Sonaron las alarmas. El propio Ventura escribió a Gramophone.
Poco tiempo después, varios especialistas fueron comisionados para analizar las grabaciones. El resultado fue atroz. El sello Concert Artist había tomado muchas,
muchas grabaciones comerciales de pianistas de cierto prestigio, varias de
ellas lanzadas por la sueca BIS records y las había hecho pasar por interpretaciones
originales de Hatto a través de su manipulación digital. Encontraron cambios en el orden original de las piezas, cambios de ecualización, balance y
reverberación, omisión o colocación de silencios, cambios sutiles de velocidad
en las pistas originales y una serie de transformaciones que lograron engañar a
muchos "infalibles" detectores automáticos de metaetiquetas.
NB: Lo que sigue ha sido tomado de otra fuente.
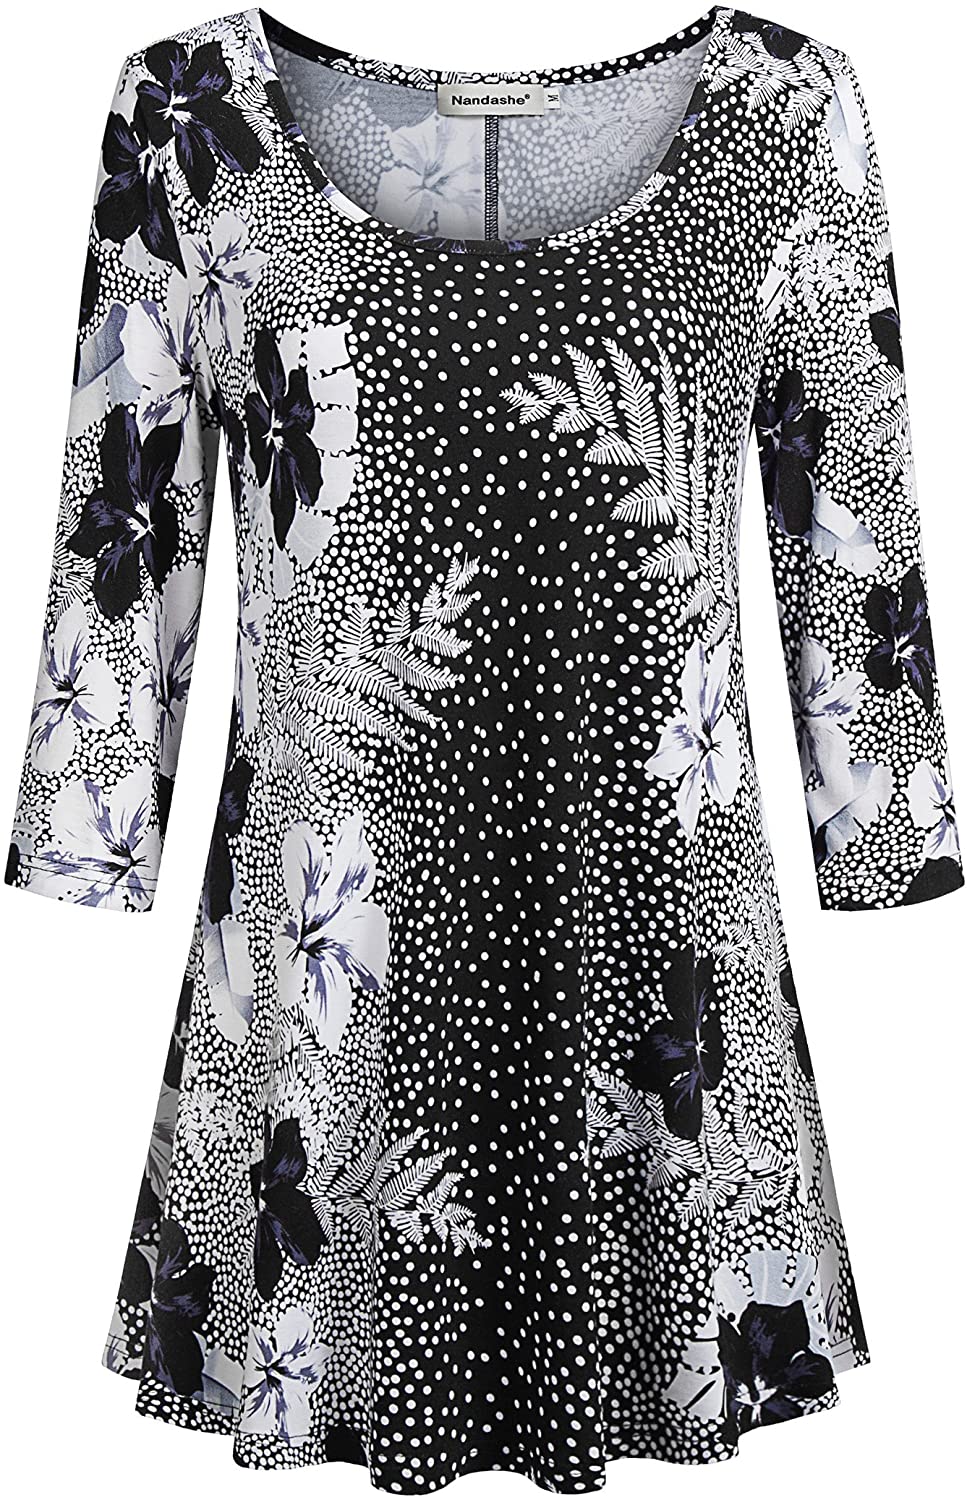 Nandashe Womens 3/4 Sleeves Floral Tunic Shirts Summer Casual Dressy Blouse Tops 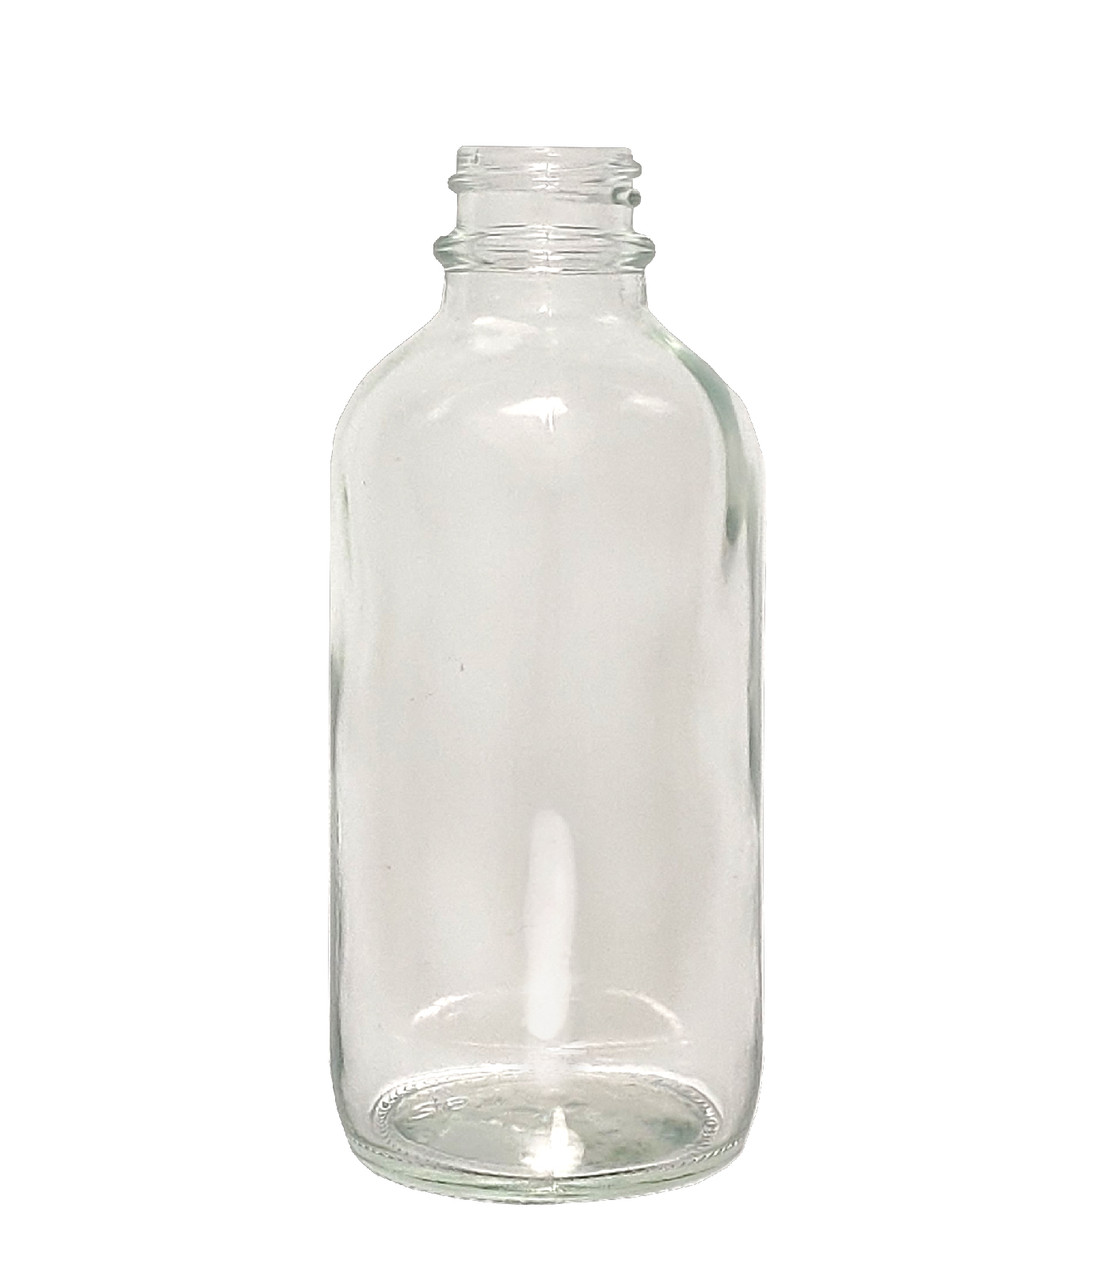 85 mL (3 oz) Boston Round Clear Glass Bottle 22-400

William Barrington-Coupe, el director de Concert
Artist y viudo de la pianista, logró engañar a todos y ganar mucho dinero de
forma fraudulenta. Y repitió la formula con otro pianista, el italiano Sergio Fiorentino. Si
no fuera un delito tanto comercial como artístico, esta falsificación debería
ser aclamada por su refinado uso de una tecnología digital depurada que logró
engañar a críticos, músicos profesionales y a los algoritmos.
Paradójicamente, como
dice Cook (Beyond the Score, 2013, 153), la misma tecnología que permitió el fraude, permitió su
detección. En todo caso, creo que todo sonólogo debería estudiar estas
grabaciones fraudulentas como todo buen pintor analiza y realiza falsificaciones
para comprender los secretos de su oficio.